= Scharnhorst effect =

Hypothesized phenomenon in quantum field theory

The Scharnhorst effect is a hypothetical phenomenon in which light signals travel slightly faster than c between two closely spaced conducting plates. It was first predicted in a 1990 paper by Klaus Scharnhorst of the Humboldt University of Berlin, Germany. He showed using quantum electrodynamics that the effective refractive index n, at low frequencies, in the space between the plates was less than 1. Gabriel Barton and Scharnhorst in 1993 claimed that either signal velocity can exceed c or that the imaginary part of n is negative.

==Explanation==
Vacuum fluctuations exist even in a perfect vacuum. The vacuum fluctuations are influenced by conducting plates nearby. As a photon travels through a vacuum its propagation is influenced by these vacuum fluctuations.

A prediction made by this assertion is that the speed of a photon will be increased if it travels between two Casimir plates. The ultimate effect would be to increase the apparent speed of that photon. The closer the plates are, the stronger the change in the vacuum fluctuations, and the higher the speed of light.
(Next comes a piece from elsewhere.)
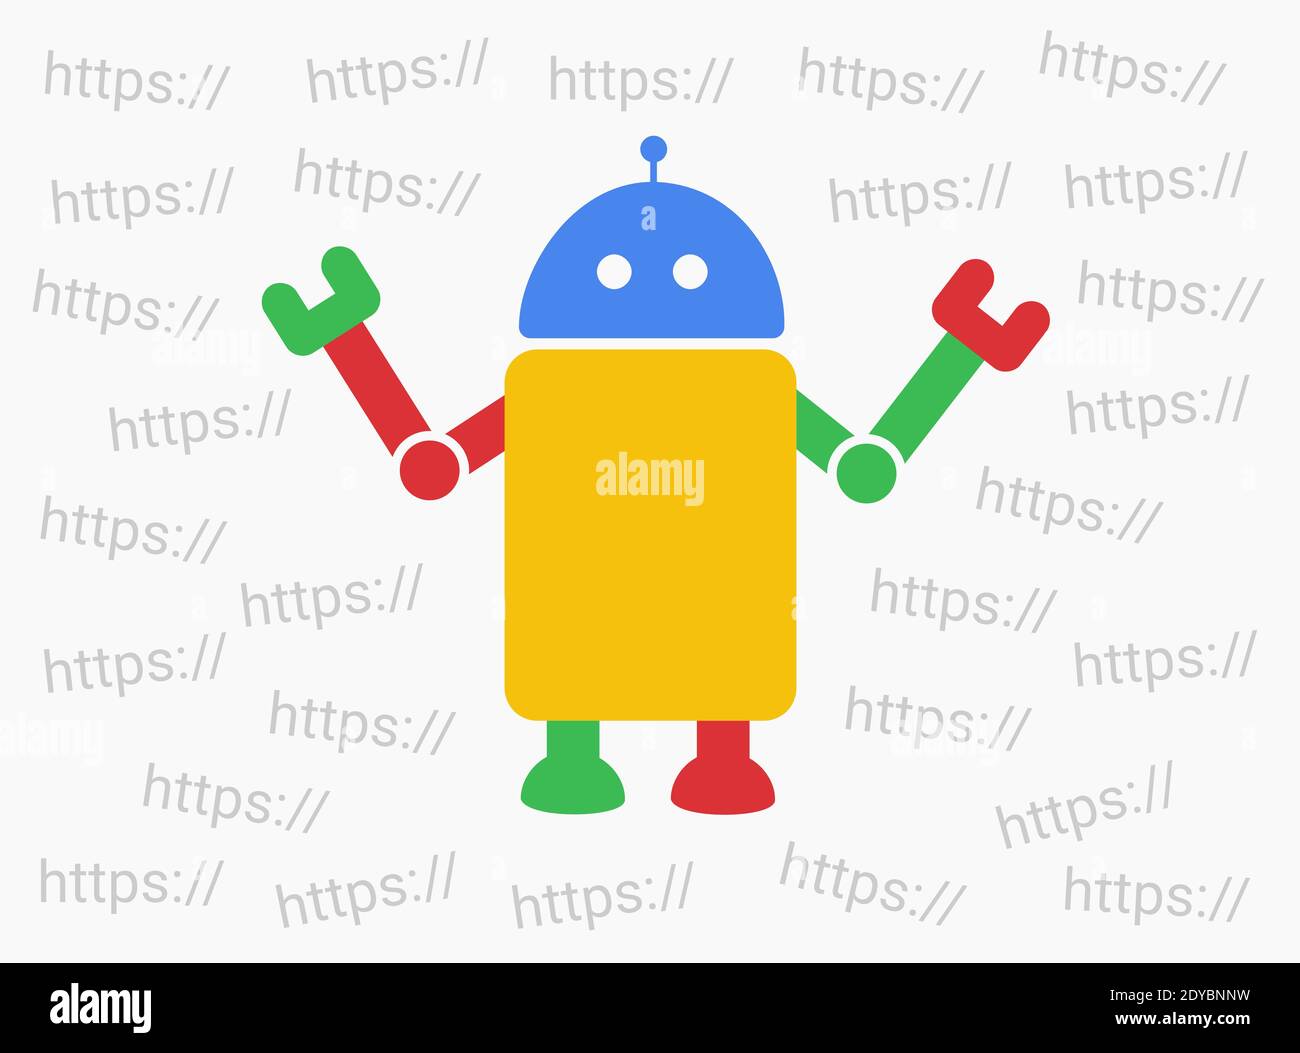 Bot et web robot choisit le domaine Internet - indexation et la recherche de pages et de pages web sur le site web et le site web en ligne. Processus du moteur de recherche Web Banque D'Images

The effect, however, is predicted to be minuscule. A photon traveling between two plates that are 1 micrometer apart would increase the photon's speed by only about one part in 10^{36}. This change in light's speed is too small to be detected with current technology, which prevents the Scharnhorst effect from being tested at this time.

==Causality==
The possibility of superluminal photons has caused concern because it might allow for the violation of causality by sending information faster than c. However, several authors (including Scharnhorst) argue that the Scharnhorst effect cannot be used to create causal paradoxes.